Надо иметь в виду, что для Дидро существенна была не столько личность монарха, сколько сам принцип самодержавия. Он не исключал произвола «со стороны повелителя доброго, твердого, справедливого и просвещенного».
Философ не раз повторял, что дело не в личных качествах монарха, а в объеме власти, которую он присвоил. «Лишь нация есть истинный суверен; истинным законодателем может быть лишь народ»26. «Нет ни прав, ни законов, ни свободы там, где государь распоряжается правами и законами по своему усмотрению»27.

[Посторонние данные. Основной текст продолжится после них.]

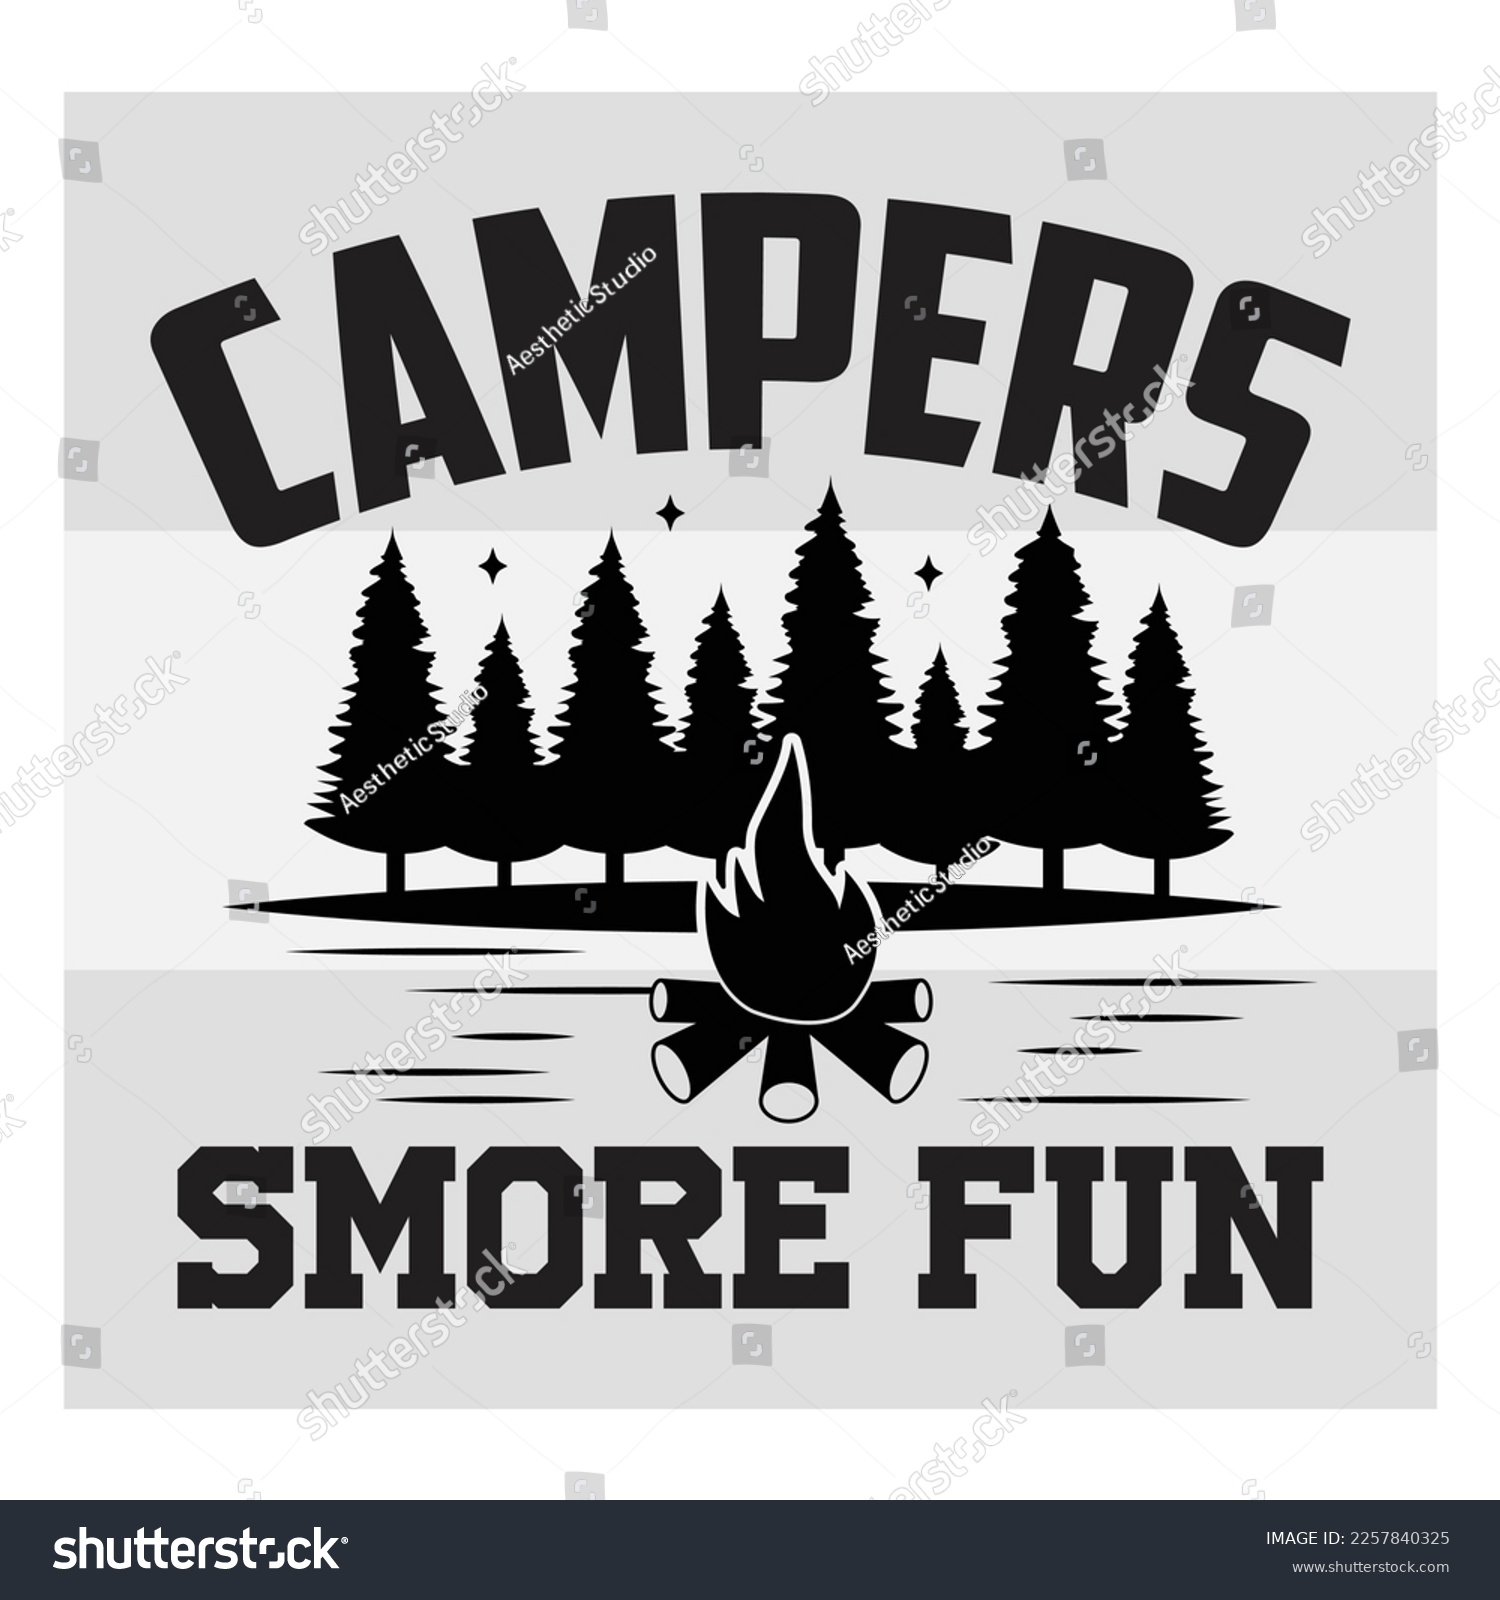 SVG of Campers Have Smore Fun, Camper, Adventure, Camp Life, Camping Svg, Typography, Camping Quotes, Funny Camping, Camping T-shirt Design, SVG, EPS svg
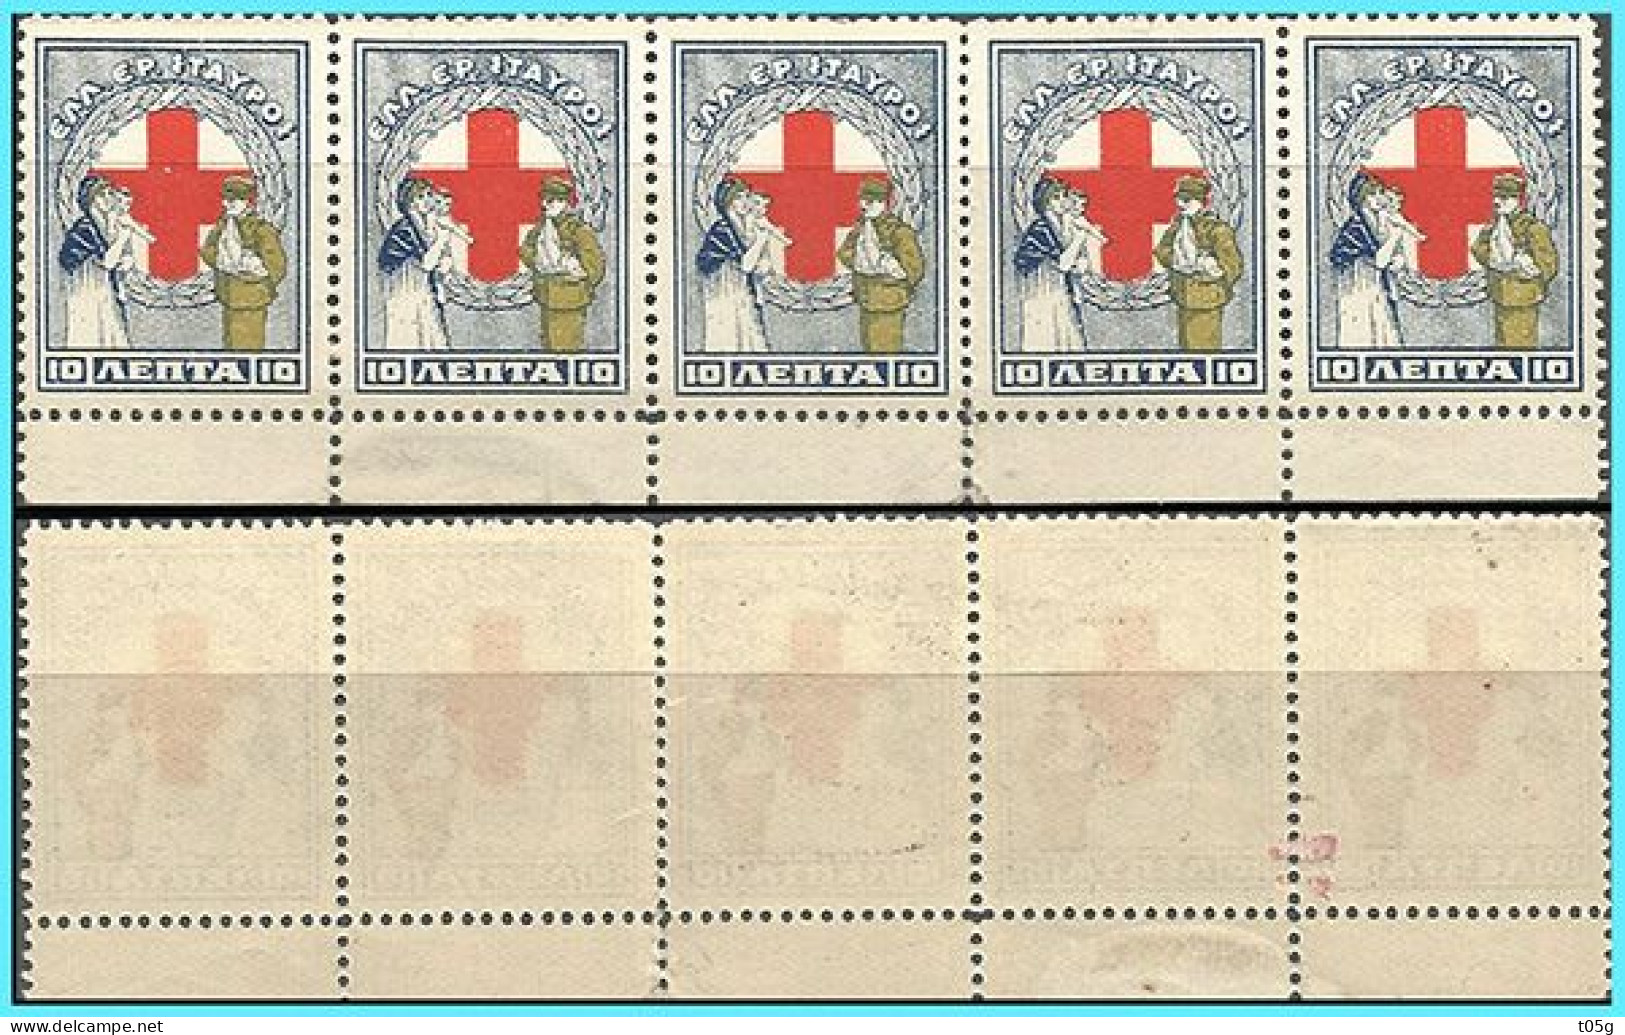 GREECE- GRECE - HELLAS CHARITY STAMPS 1924 : Red Cross" 2X10L Set MNH** & 3X10L  set MLH* - Beneficiencia (Sellos De)

Дидро развивал перед Екатериной II идеи народовластия и, как он пишет Дашковой, говорил при дворе с той же свободой, «с какой Вы позволяли мне говорить на улице Гренвиль»28.
Да и почему было императрице не послушать старого философа? Восхищаясь его красноречием, она лучше, чем кто-либо другой, понимала: никакого практического применения в России идеи Дидро иметь не будут. А уж менее других – его идея о необходимости созыва в России Законодательного собрания – эту мысль Дидро подчеркивал в замечаниях на ее «Наказ».
«Замечания на «Наказ» ее императорского величества депутатам Комиссии по составлению Уложения» были написаны Дидро летом 1777 г., по возвращении из Петербурга. В руки Екатерины они попали уже после смерти философа. В письме Ф.М. Гримму от 23 ноября 1777 г. она назвала их сущим лепетом29.